Due nicchie delimitate da colonne e architravi, custodiscono altrettante statue canefore elevate su piedistalli e sormontate da epigrafi magnificanti Filippo IV di Spagna.
In corrispondenza delle balaustre delle terrazze, tra riccioli e volute di raccordo, si stagliano imperiose le aquile coronate che reggono le insegne reali e l’acronimo SPQP (Senatus PopulusQue Panormitanus). Ai lati sono insastonati i doppi scudi con le armi del viceré e della città. Sui contrafforti esterni delle logge sono collocate le statue raffiguranti Santa Ninfa e Santa Cristina.

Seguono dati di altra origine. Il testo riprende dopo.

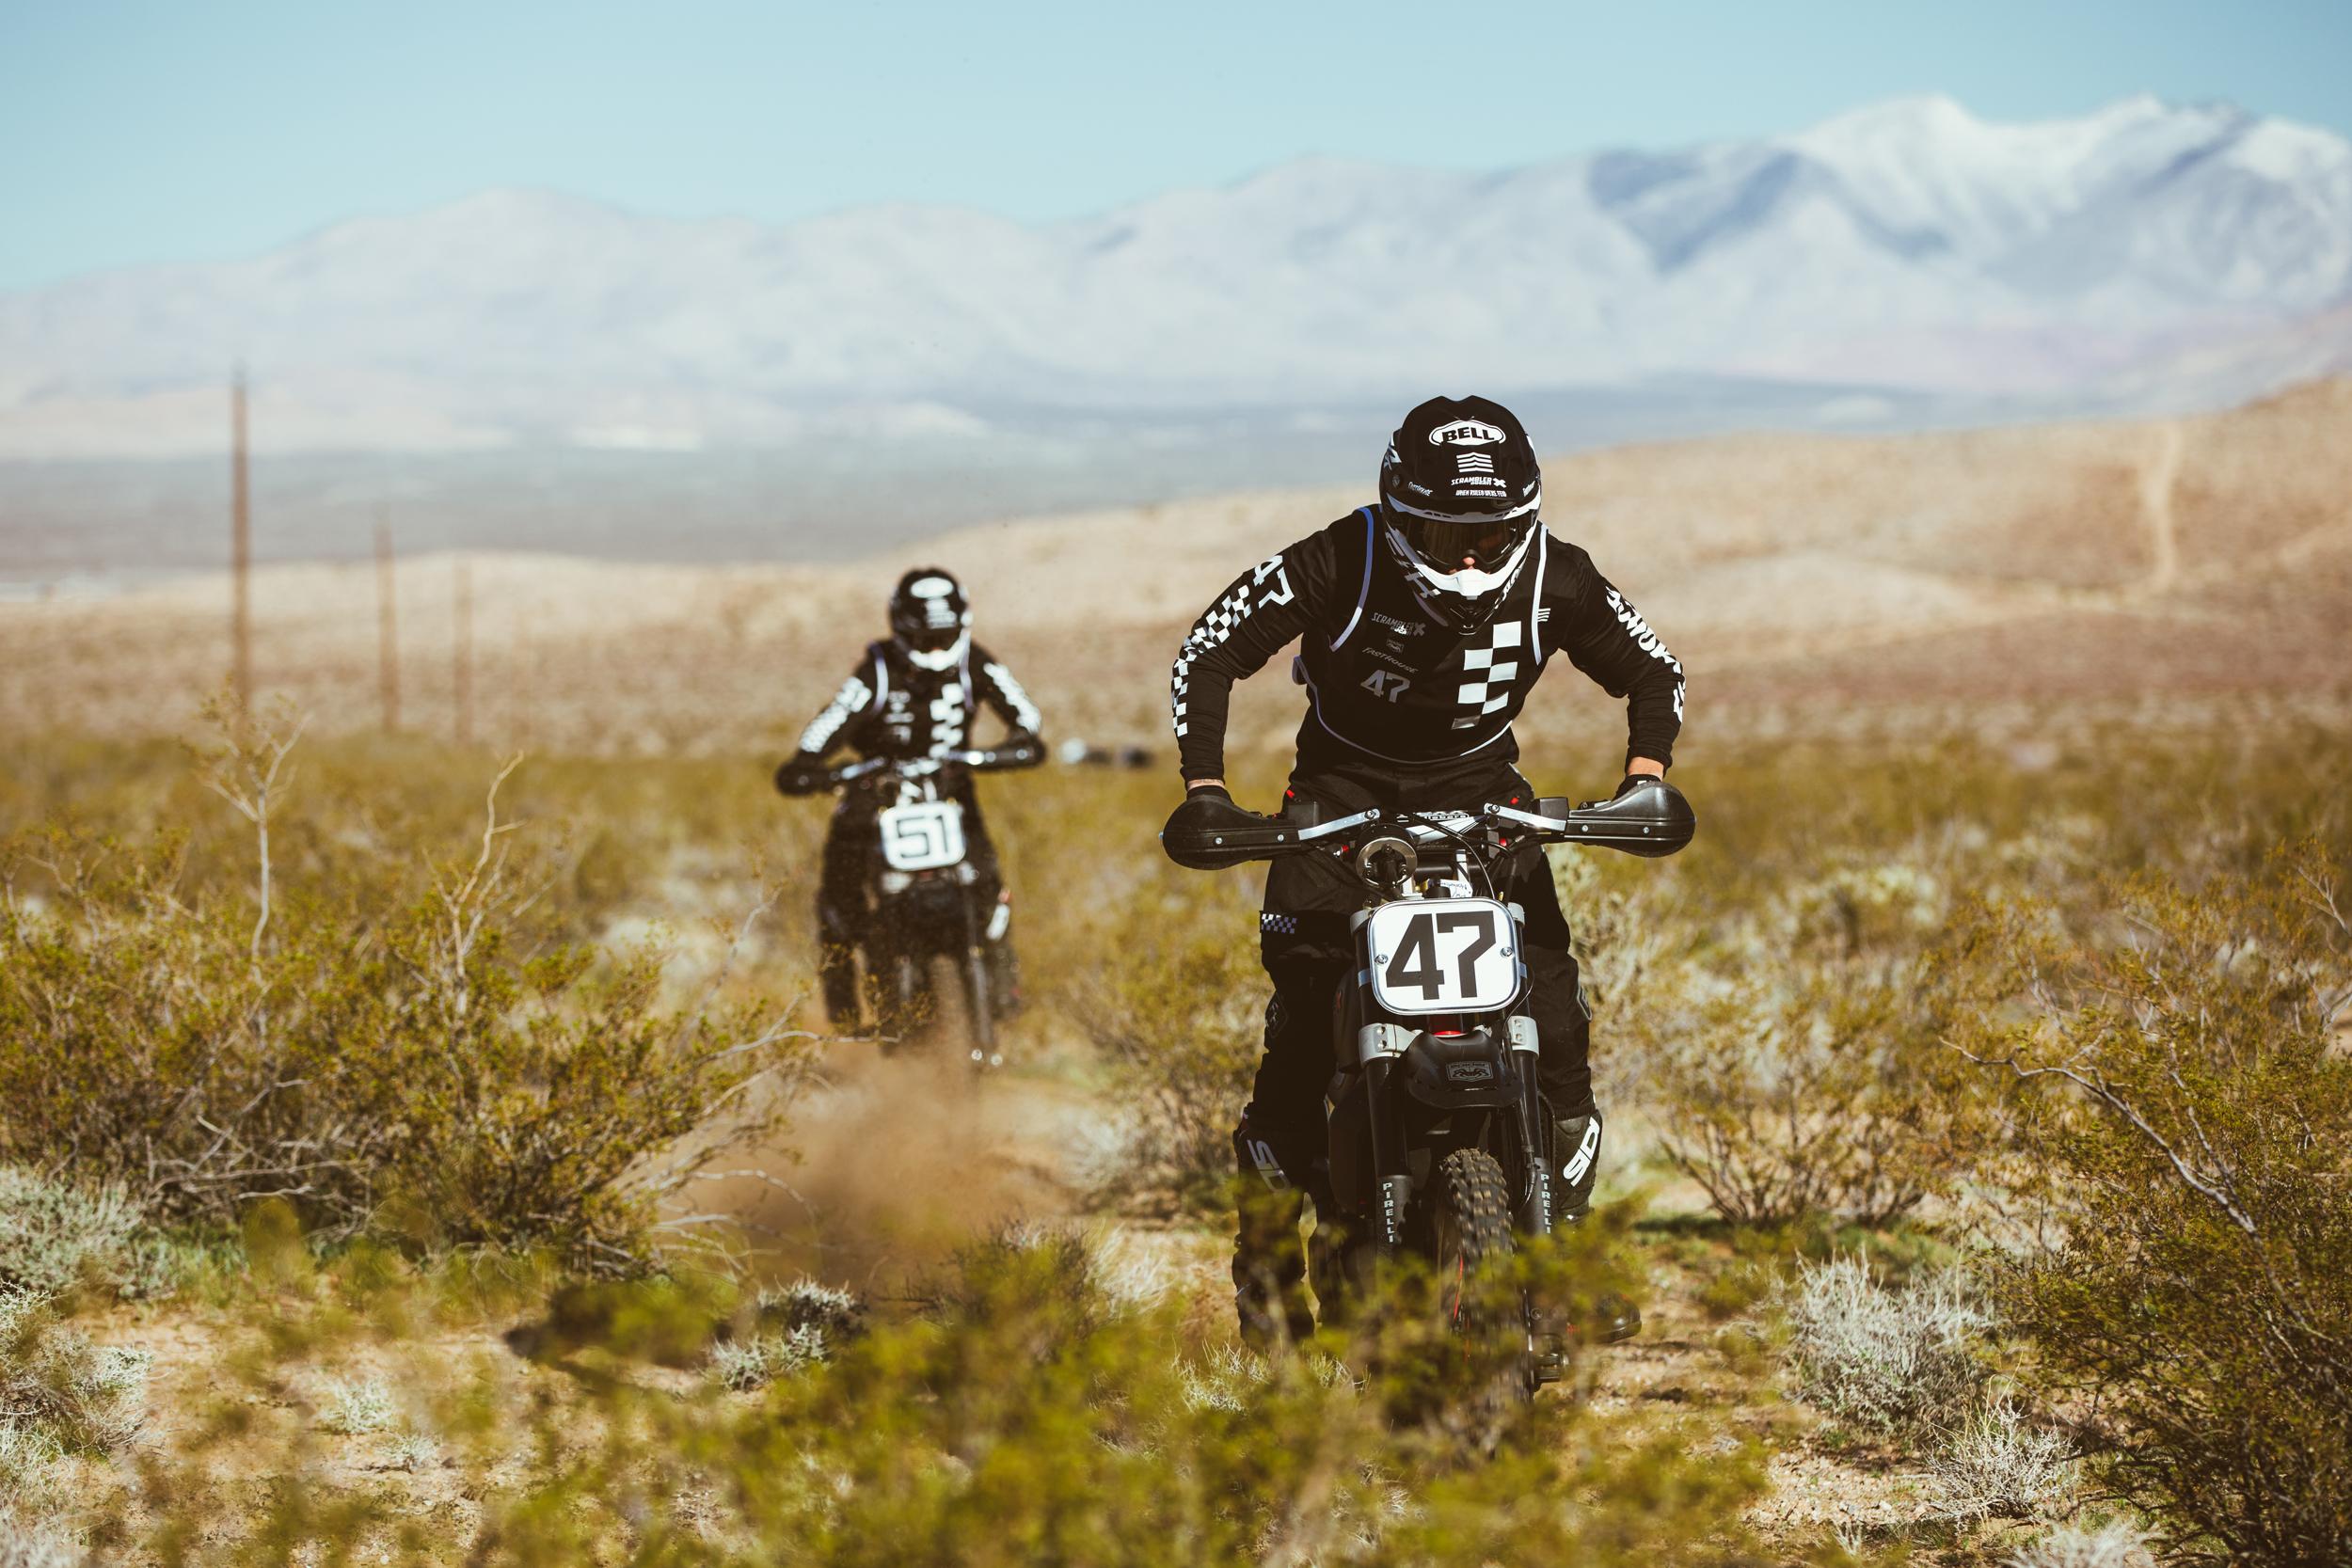 Scrambler Ducati Desert Sled Dominates Inaugural Mint 400 Hooligan Class [2]

Il prospetto interno affacciato su Piazza Santo Spirito, realizzato in conci intagliati, per mancanza di particolari scultorei e marmorei (ad eccezione del rivestimento alla base e della balaustra del terrazzo), presenta chiaramente la ripartizione su tre ordini. Al piano terra le porte d’accesso ai piloni. Nel secondo ordine un balcone e una finestra incorniciati da dettami in stile rinascimentale. Al terzo la balconata belvedere con contrafforte a ricciolo. I vani costituivano appartamenti ad uso dei pretori cittadini. Affreschi realizzati da Pietro Novelli decoravano le volte degli ambienti interni.
Il varco interno nella sua profondità non presenta alcun rilievo se non i cornicioni marcapiano fra il secondo e il terzo ordine sui quale si sviluppano i balconi con porte sormontate da timpani.
Il manufatto misurava 92 palmi d’altezza per 54 di larghezza, con un vano di passaggio largo 32 palmi.
Fino al terremoto di Pollina del 5 marzo 1823 sulla Piazza Santo Spirito prospettava la chiesa di San Nicolò alla Kalsa o «dei Latini». Le macerie ingombrarono la spianata per decenni. Abbattuti i ruderi, al suo posto fu riassemblata una scultura di Ignazio Marabitti: la Fontana del Cavallo Marino, manufatto proveniente dal giardino di palazzo Ajutamicristo.
In seguito ai bombardamenti della Seconda guerra mondiale, il pilone destro venne quasi interamente distrutto, ma un attento restauro ha riportato la porta al suo antico splendore, seppur perdendo alcuni degli elementi decorativi originali.